La richiesta di alloggi
Credo sia importante che la stampa nazionale evidenzi le necessità e il disagio degli studenti universitari. È un segno di attenzione che dovrebbe andare ben oltre le proteste di questi giorni circa la difficoltà ad accedere ad alloggi a prezzi abbordabili. Credo sia compito prioritario dell’informazione, tuttavia, inquadrare i problemi e leggere i fenomeni in un contesto più ampio.
Innanzitutto serve una riflessione su cosa sia l’esperienza universitaria. Le università sono comunità di discenti e di docenti che vivono e crescono grazie all’incontro. Dopo la drammatica parentesi del Covid e delle lezioni a distanza, è sacrosanto che vi sia la richiesta di frequentare in presenza gli Atenei. Aggiungerei anche che il periodo universitario corrisponde spesso con il momento di distacco dalla famiglia di origine, salutare e necessario. Vi sono giovani che scelgono volutamente università lontane da casa, per l’opportunità di sperimentare l’indipendenza, che purtroppo nella nostra società si raggiunge troppo tardi, con conseguenze molteplici, non ultime sulla possibilità di farsi una famiglia. Ebbene come si può frequentare un’università fuori sede?
La soluzione dei collegi è quella direi preferibile: non dimentichiamo che a Brescia ve ne sono alcuni, tra cui un collegio di merito dell’Università degli Studi. In quei contesti si sviluppano delle opportunità di scambio e di approfondimento culturale uniche, che completano l’esperienza universitaria. Il Pnrr ha messo a disposizione risorse non banali per le residenze e anche l’Università di Brescia ne ha goduto, facendone la terza migliore università in Lombardia (31,25 studenti per posto alloggio, contando soltanto le residenze universitarie e non i collegi privati), dietro solo a Bocconi e Politecnico di Milano.

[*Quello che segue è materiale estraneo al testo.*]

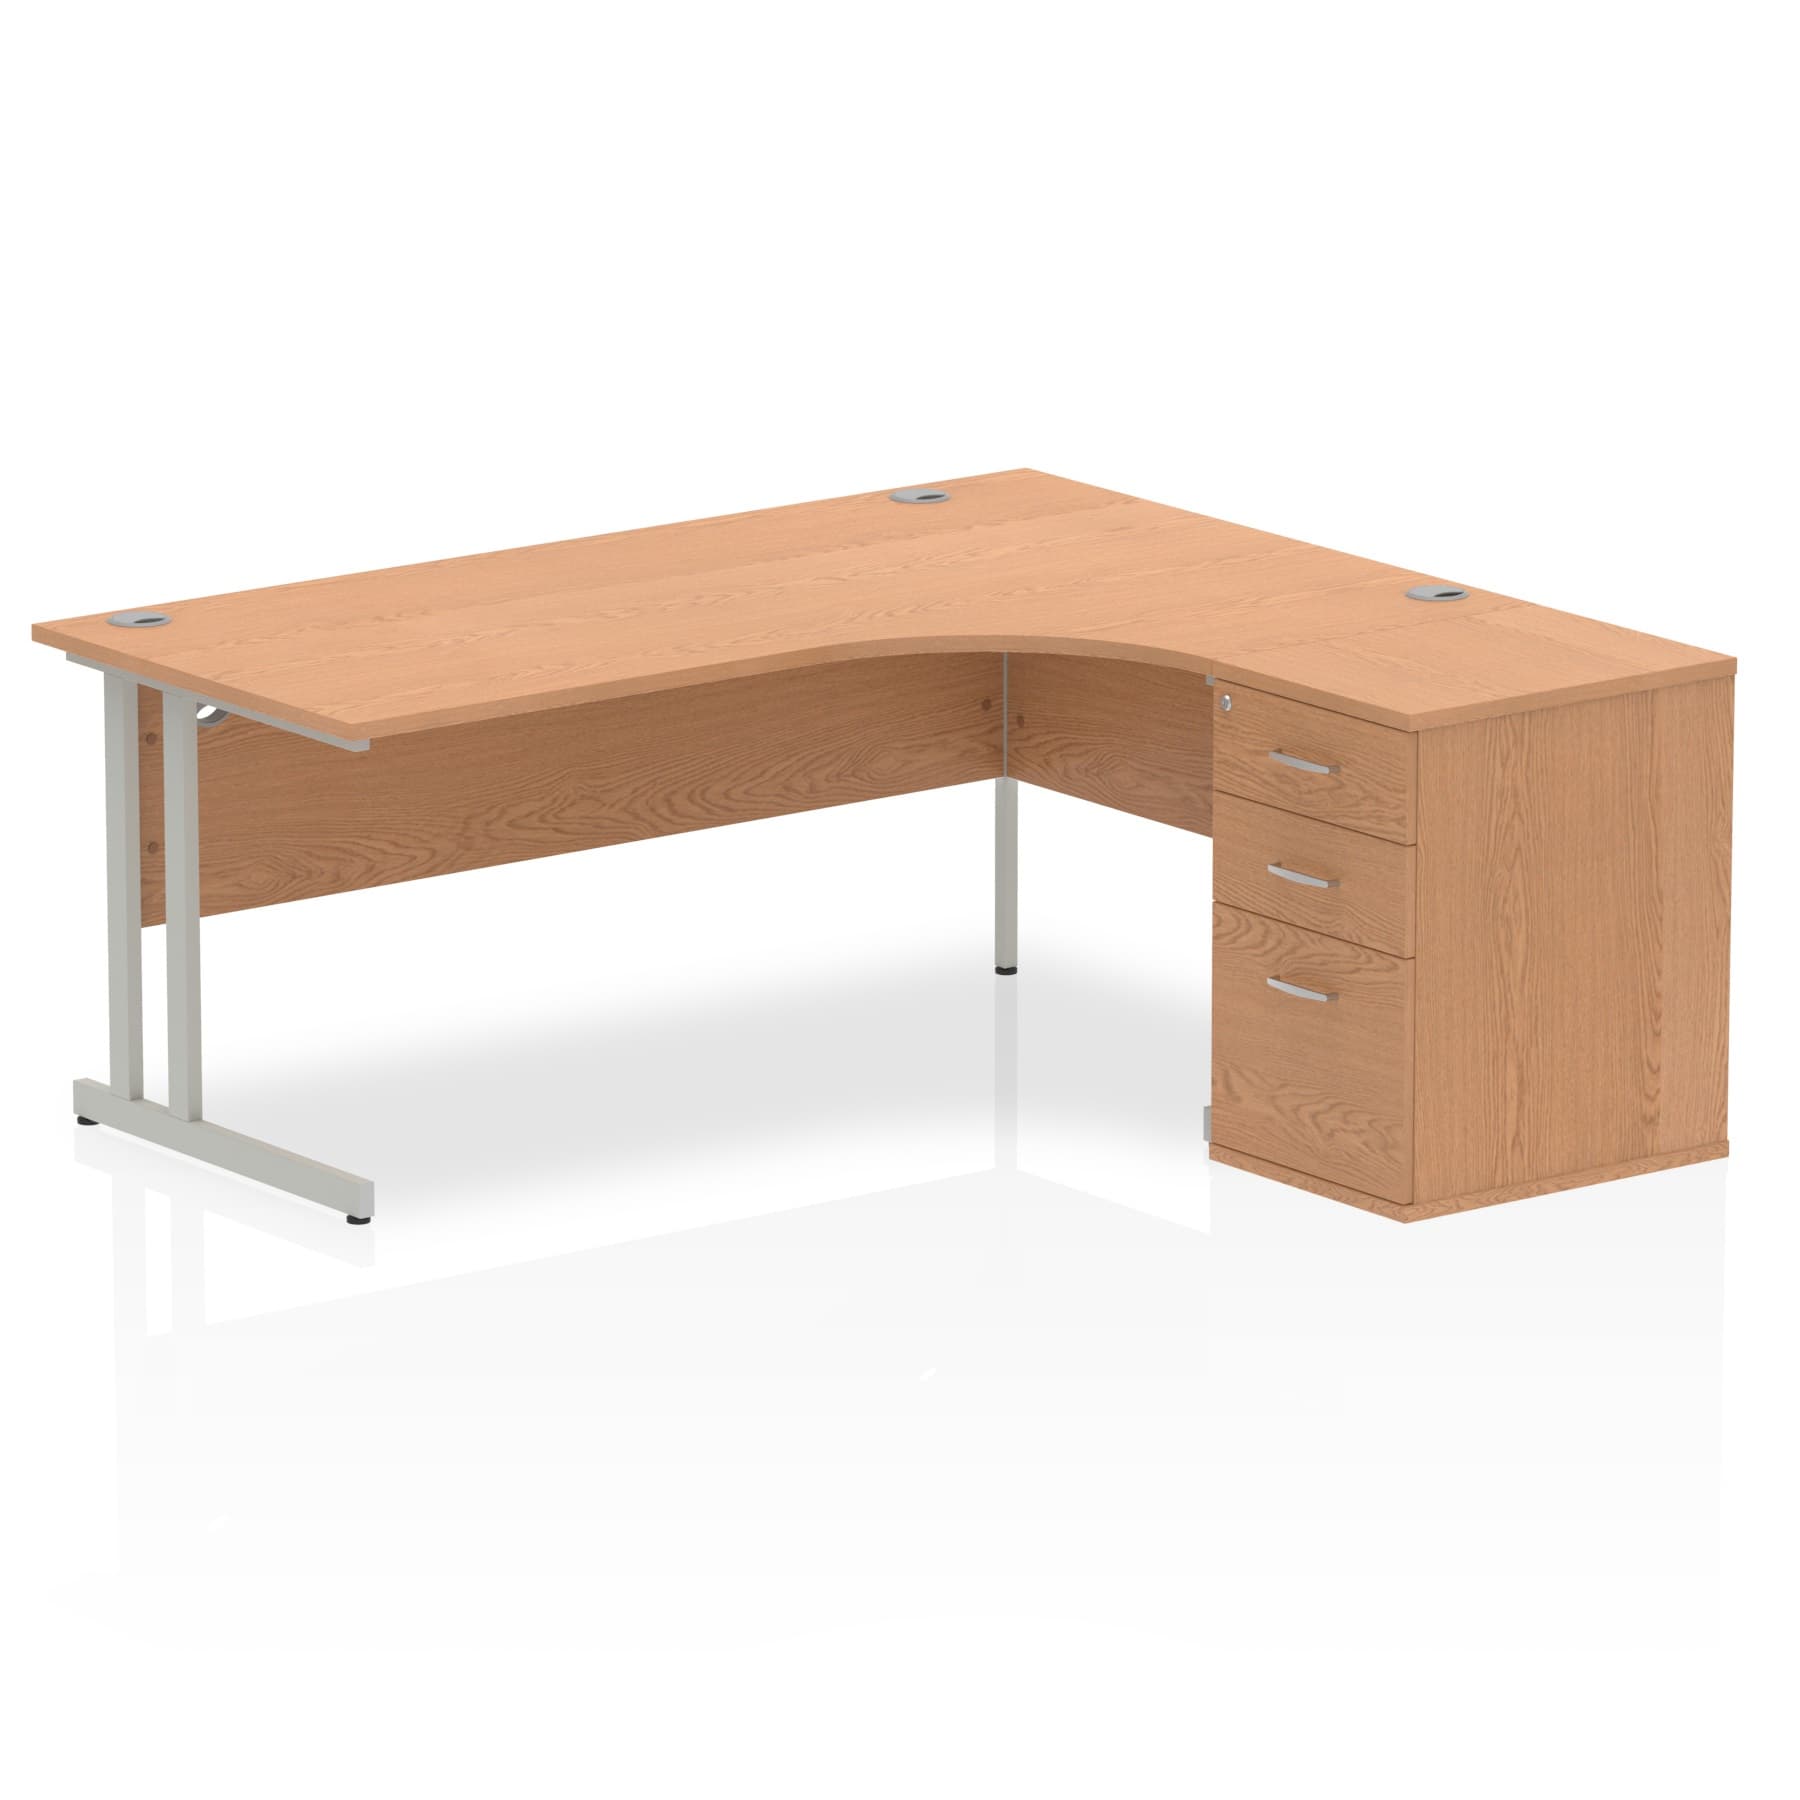 Sturdy 1800mm Freestanding Cantilever Desk with Pedestal | Heat & Weather Resistant Melamine Finish | Dynasty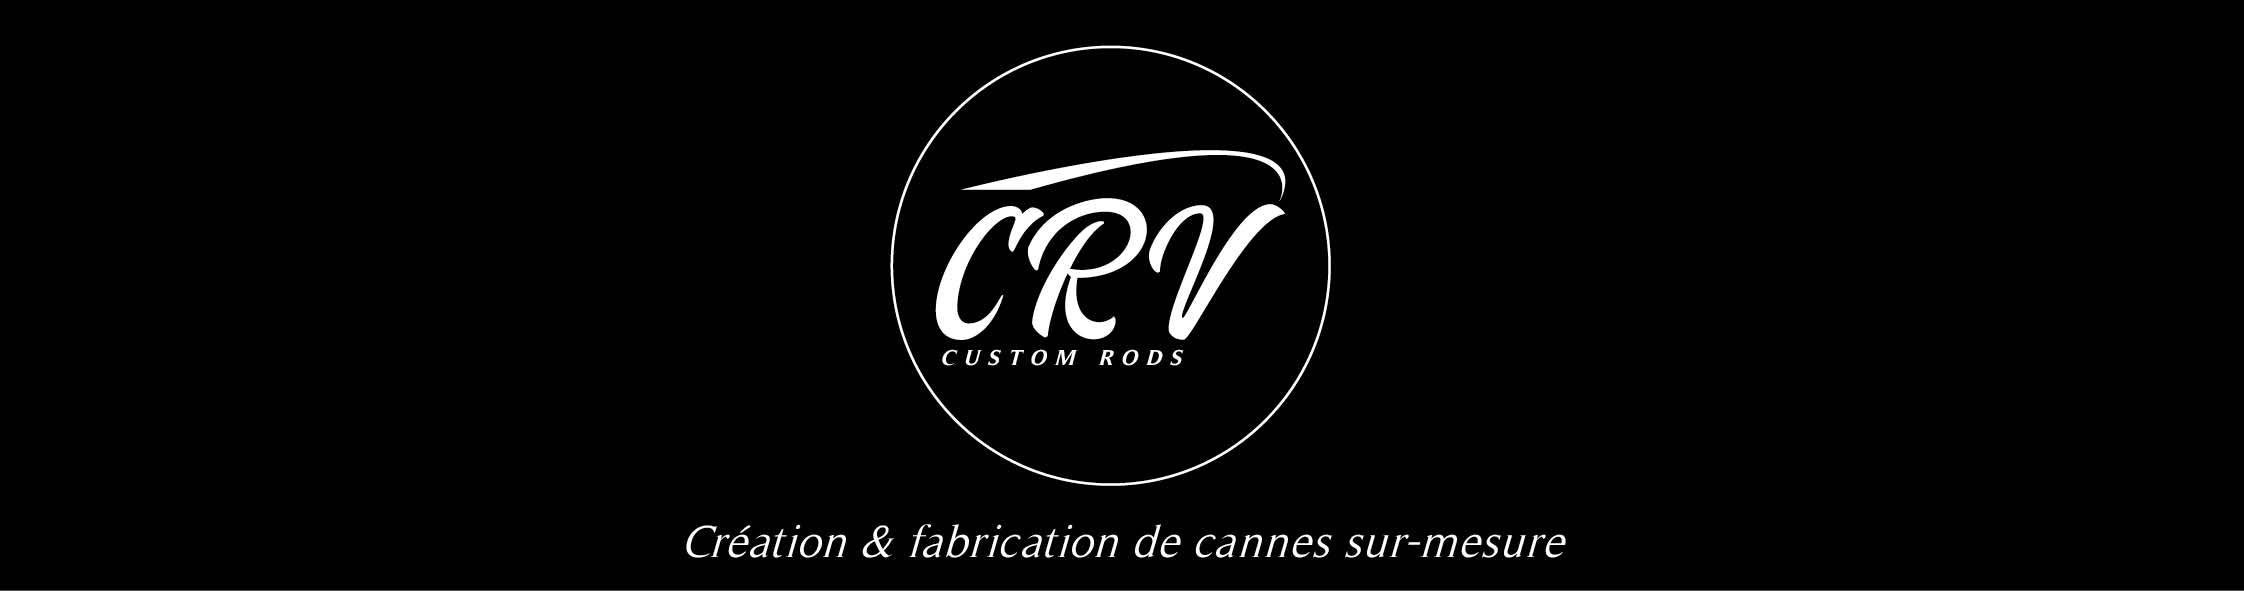 CRV Custom Rods

Vi sono poi le soluzioni presso ospitalità privata, spesso presso appartamenti in condivisione. In questo caso è evidente che gli studenti si devono confrontare con un libero mercato che è influenzato da molteplici fattori e in alcuni casi, come per Bologna, dall’oggettiva scarsità di offerta.
Cosa si può fare? Innanzitutto innalzare gli stanziamenti per il diritto allo studio, mai sufficienti nemmeno a coprire le borse di studio per gli aventi diritto. Le università suppliscono con risorse proprie a questa carenza. Stabilizzare poi le risorse per l’edilizia universitaria, anche dopo il Pnrr, per aumentare il numero di residenze. Se contabilizziamo l’impatto economicamente positivo della presenza di universitari per l’economia delle nostre città ci accorgeremo che si tratta di un’operazione a somma positiva.
Più difficile l’intervento sul mercato degli alloggi. Per questa finalità è necessaria fantasia, per introdurre un meccanismo assimilabile al social housing, che possa riguardare anche affitti a breve termine. Le relative volumetrie sono recuperabili in molte città anche da interventi di riqualificazione dell’edilizia esistente, incentivando le proprietà a ristrutturare a fronte della riserva di alloggi ad affitti calmierati.